Era una agraciada morena, una secretaria de un bufete jurídico dotada de un agudo ingenio neoyorquino y de unas excepcionales cualidades de bailarina, pero tenía una lengua afilada como un cuchillo; le encantaba gastar dinero y sería una esposa muy cara. Para sus más de cuarenta y cinco años era demasiado independiente, una estupenda cualidad para una amante pero no para la clase de mujer con la que él deseaba casarse.

Pippi pasó un fin de semana muy agradable en su compañía, a pesar de que ella estuvo la mitad del domingo leyendo el Times. Comieron en los mejores restaurantes, fueron a bailar a las salas de fiestas y tuvieron unas apasionadas relaciones sexuales en su apartamento, pero Pippi necesitaba algo un poco más tranquilo.

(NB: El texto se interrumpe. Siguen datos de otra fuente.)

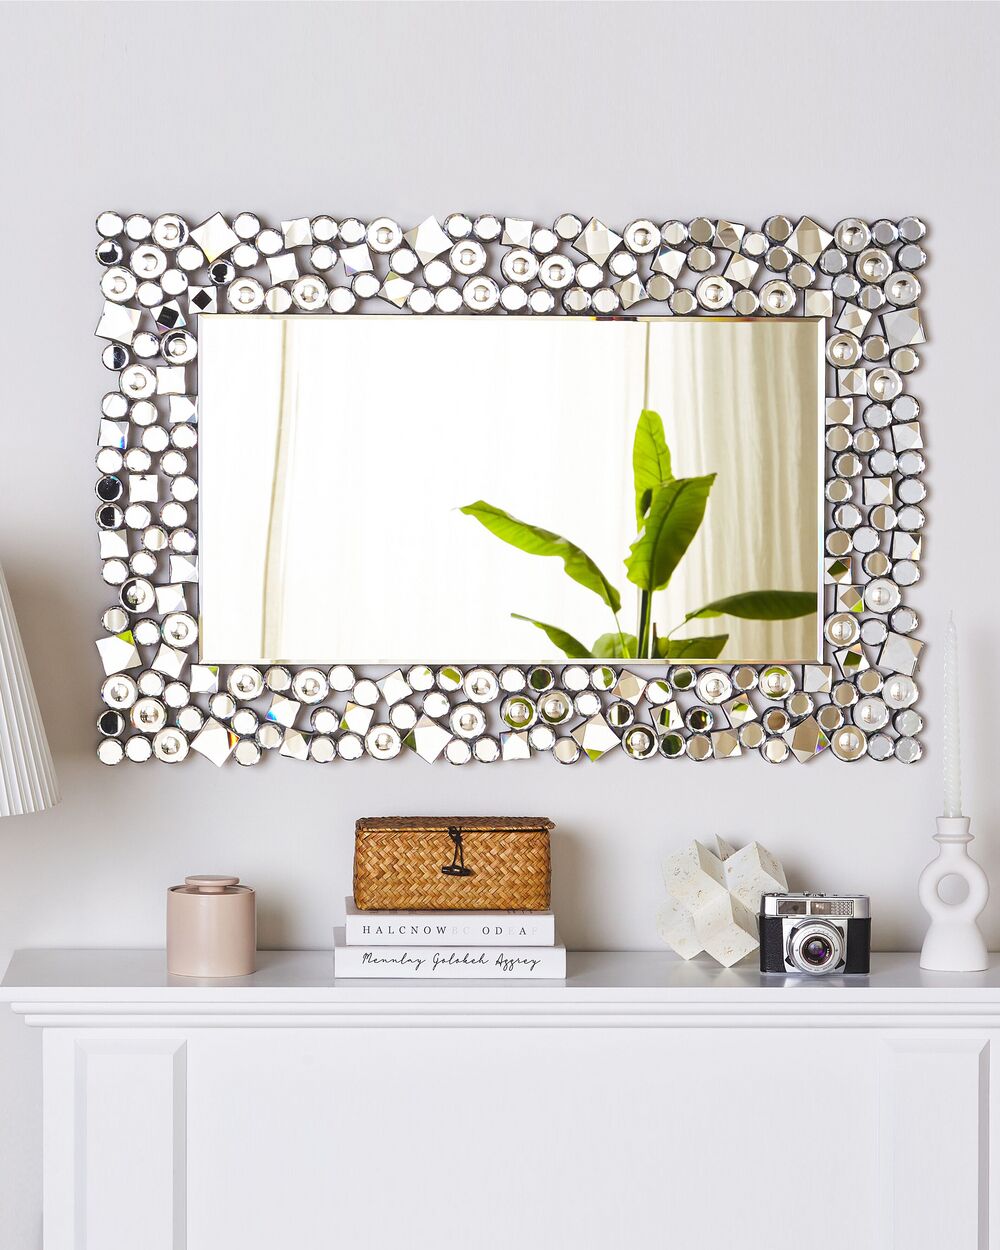 Specchio moderno da parete con cornice nera 61 x 91 cm LUNEL

A continuación voló a Chicago. Su amante de allí era el equivalente sexual de aquella bulliciosa ciudad. Bebía más de la cuenta, asistía a demasiadas fiestas y era tremendamente despreocupada y divertida, pero era demasiado perezosa y desordenada y a Pippi le gustaba una casa limpia. Y le parecía un poco mayor de cuarenta y tantos decía ella para fundar juntos una familia. Pero bueno, ¿es que realmente le apetecía andar por ahí con una jovenzuela? se preguntó. Sin embargo, al cabo de dos días de estancia en Chicago la borró de la lista como a la otra.